TO DO -> When you return the data, keep every line exactly as it is and leave out the pictures.

EXERCISE DATA ->
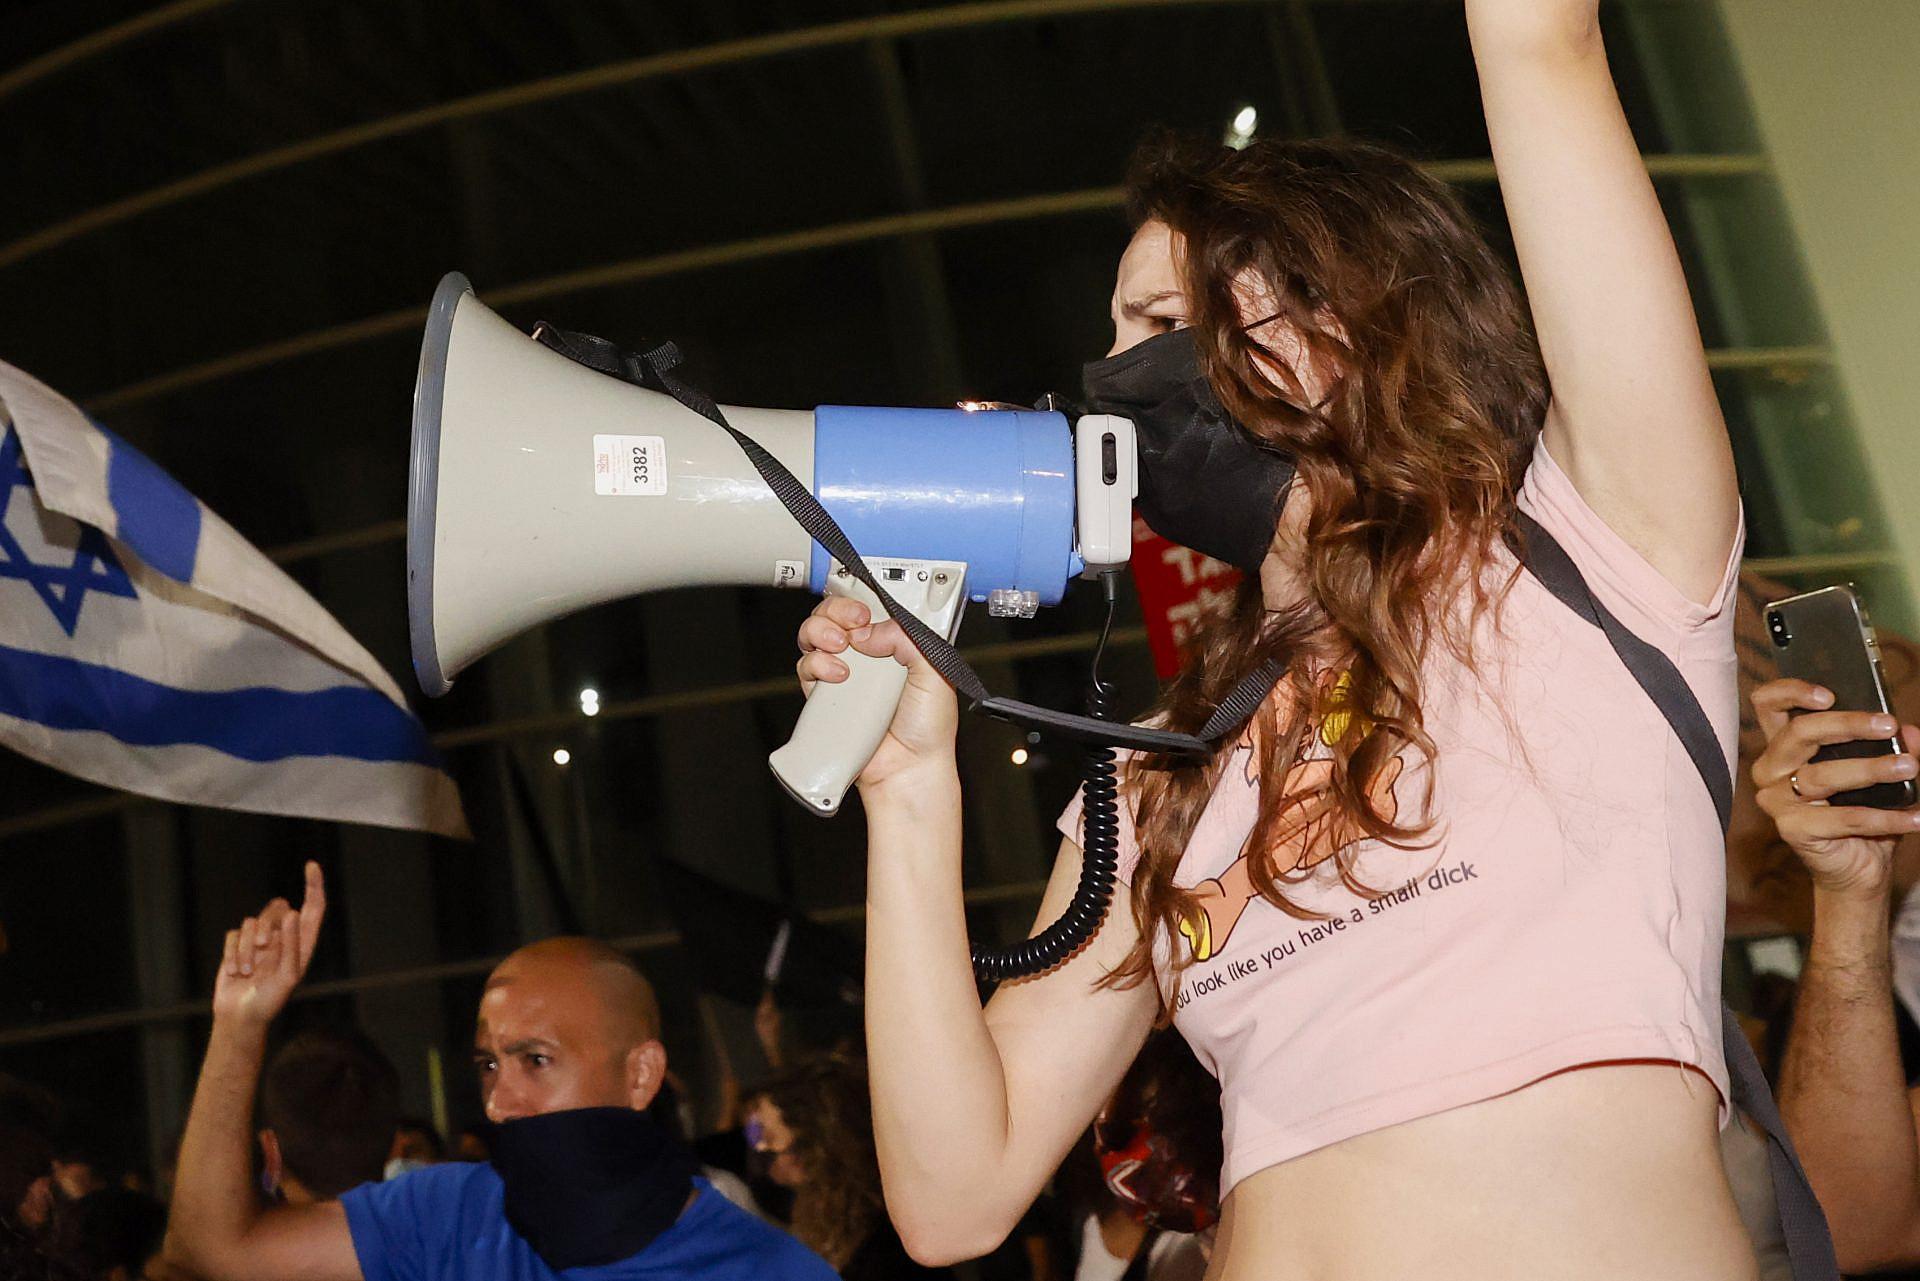 """תקשורת? אנחנו לא צריכים תקשורת. אנחנו התקשורת. מפגינה בכיכר הבימה, מוצ""""ש (צילום: ג'ק גואז\גטי אימג'ס)"""
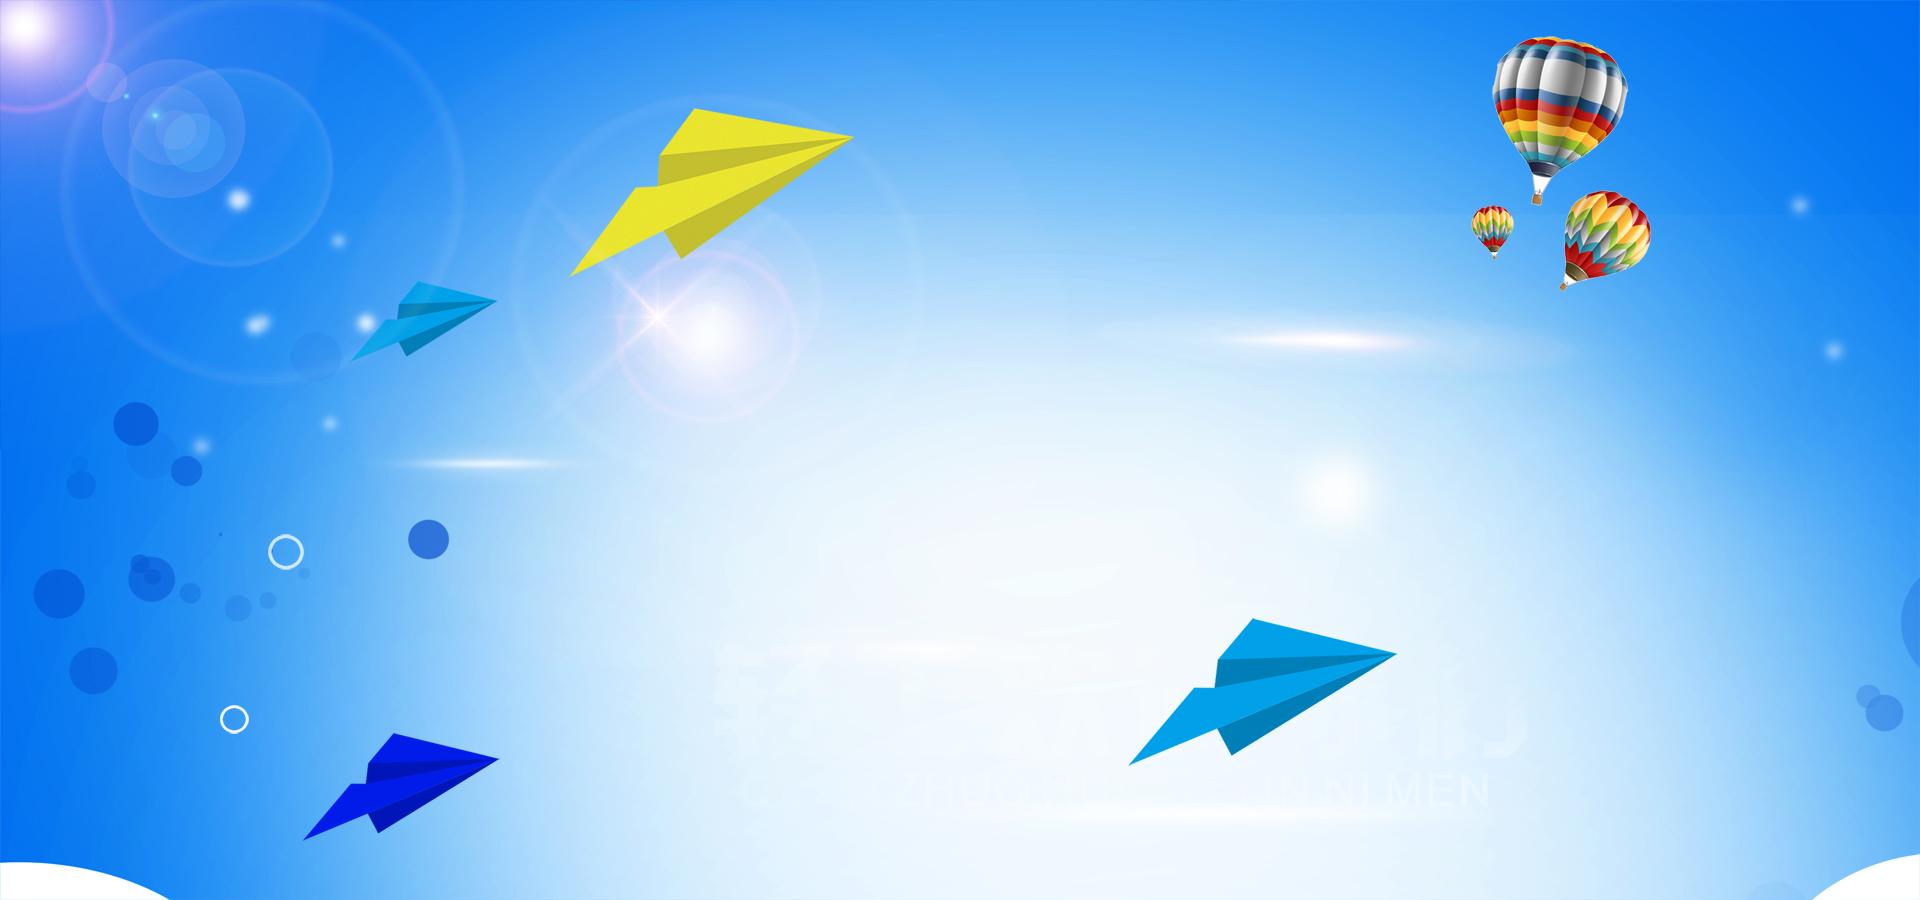 carte bleue de l  u00e9ducation des enfants de fond bleu l
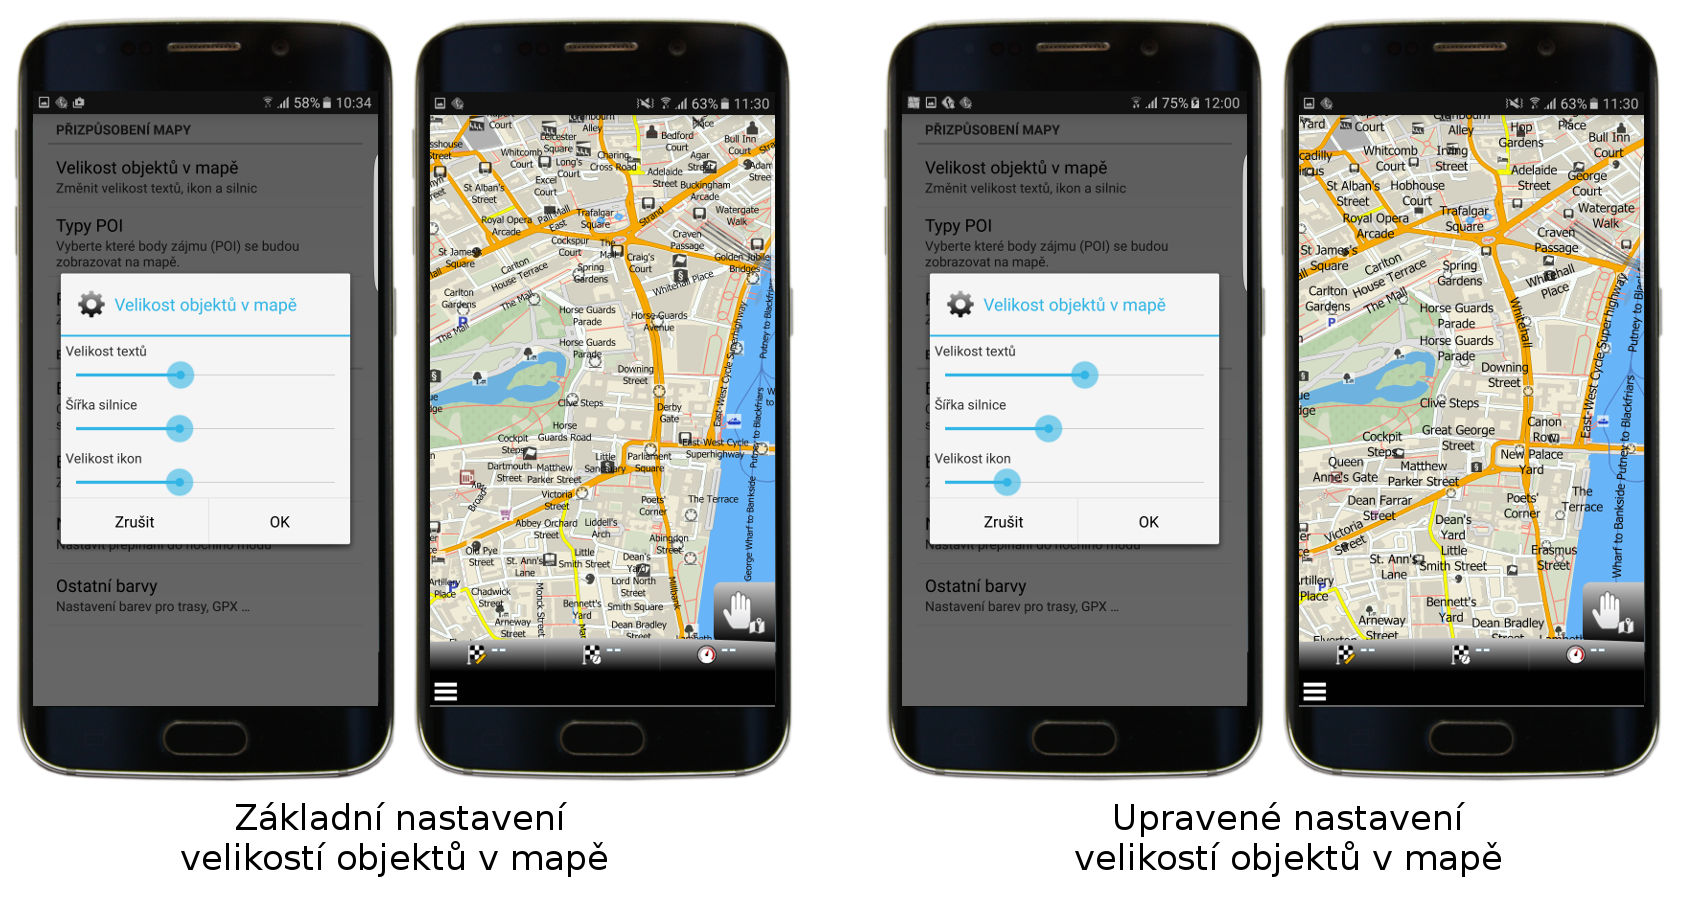 Standardní a upravené nastavení velikostí objektů v mapě v mapfactor Navigatoru
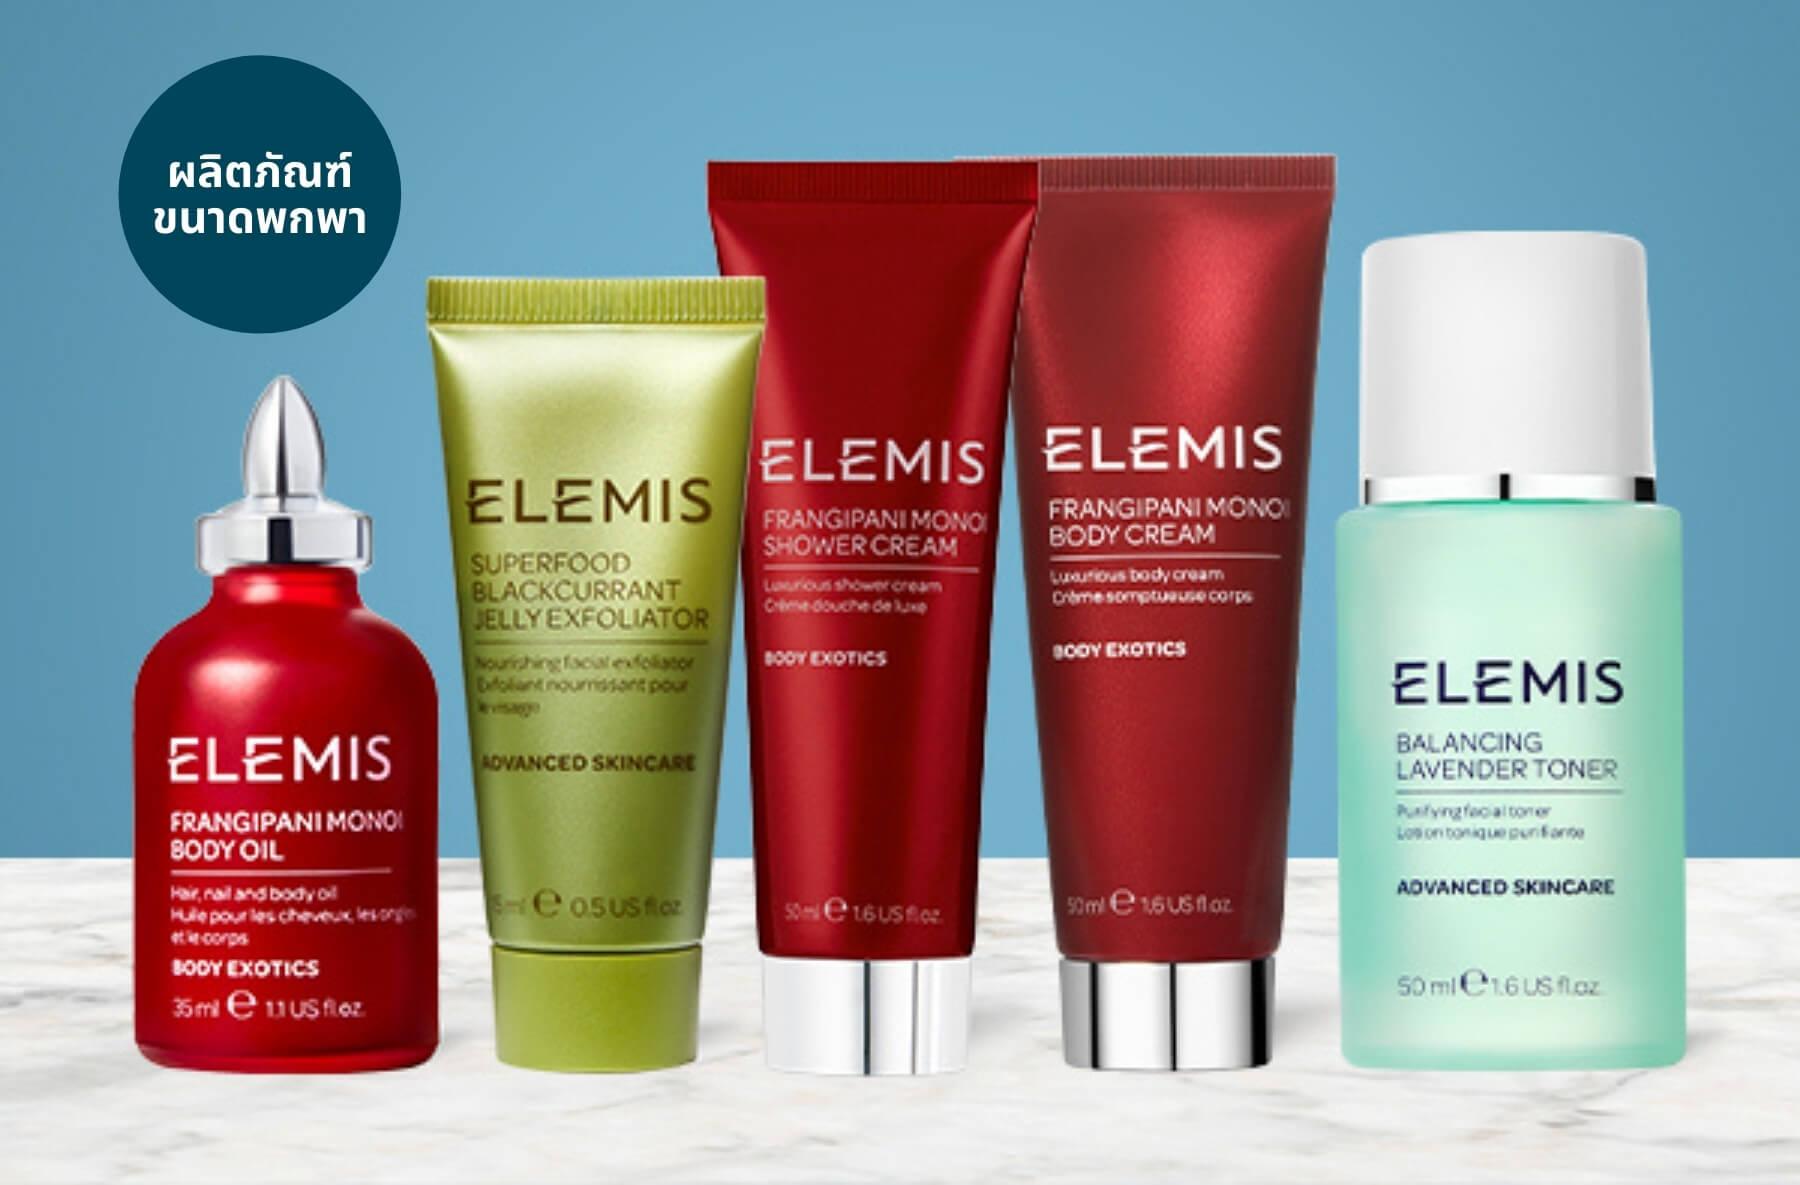 เลือกผลิตภัณฑ์ขนาดพกพาจาก ELEMIS 3 ชิ้น เพียง 800.-

SOLUTION TO THIS EXERCISE ->
 """תקשורת? אנחנו לא צריכים תקשורת. אנחנו התקשורת. מפגינה בכיכר הבימה, מוצ""""ש (צילום: ג'ק גואז\גטי אימג'ס)"""
 carte bleue de l  u00e9ducation des enfants de fond bleu l
 Standardní a upravené nastavení velikostí objektů v mapě v mapfactor Navigatoru
 เลือกผลิตภัณฑ์ขนาดพกพาจาก ELEMIS 3 ชิ้น เพียง 800.-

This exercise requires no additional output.